From then on, he would bring the simulacrum (or Ben Two, as he called it) to school with him, then set it loose whenever classes were over and he could sneak out. This worked well, but it was difficult to carry Ben Two to school and dangerous to walk into school with it. Finally, one day when Ben was feeling especially tired, he sent the thing to teach his classes for him.

No one noticed.

From that day on, he sent Ben Two to teach all his classes, while he stayed home to work on his alchemy. That was the plan, at least, although he ended up just playing World of Warcraft and eating Pizza Pockets all day long.

One day, he was walking to the store to get more alchemical supplies and Pizza Pockets when a beautiful woman ran up to him and threw her arms around him. She gave him a big kiss.

“Ben, thanks again for last night. I had a great time.”

“Sure thing,” Ben stammered. He had never seen her before in his life. She gave him another kiss and then left.

That evening, Ben was waiting when Ben Two came home. The simulacrum came in, flipping through the mail.

“I saw a woman today,” Ben said. “She said she had a good time with me last night.”

Ben Two looked up. “You saw Gloria? Crap, why did you leave the house?”

“Why shouldn’t I?”

“Don’t you think it’s a bit suspicious to have you at the store while I’m at work?

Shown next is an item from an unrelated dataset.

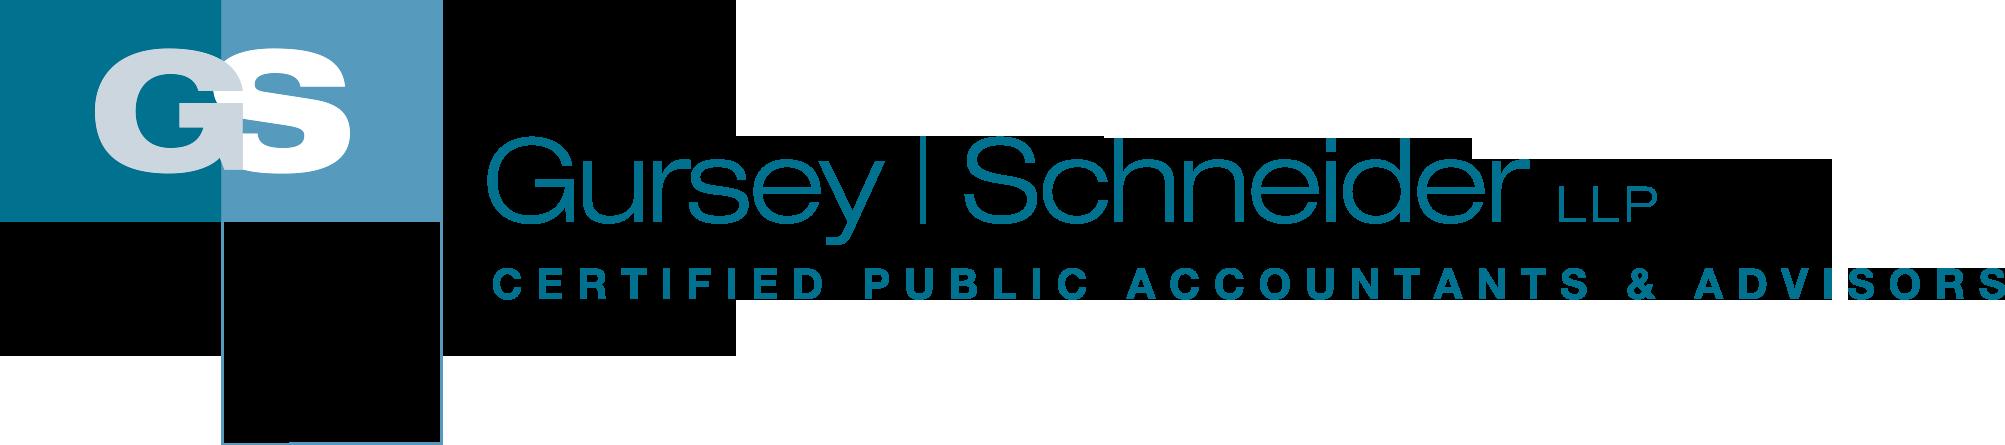 Gursey | Schneider LLP

Anyway, you’ve gained a lot of weight. From now on, just give me a list and I’ll get whatever you need.”

“Yeah, okay,” Ben said.

“Also, don’t open any packages that come here. I’ve got some stuff going on.”

“Like what?”

“Don’t bother yourself about it, okay? I’m out there making a better life for both of us. You’ve got your hobbies here. Just stick to them, and ramp the curiosity down. This is everything you’ve wanted, right?”

“Yeah, I guess,” Ben said. He was trying to work out if this was all a good thing or a bad thing.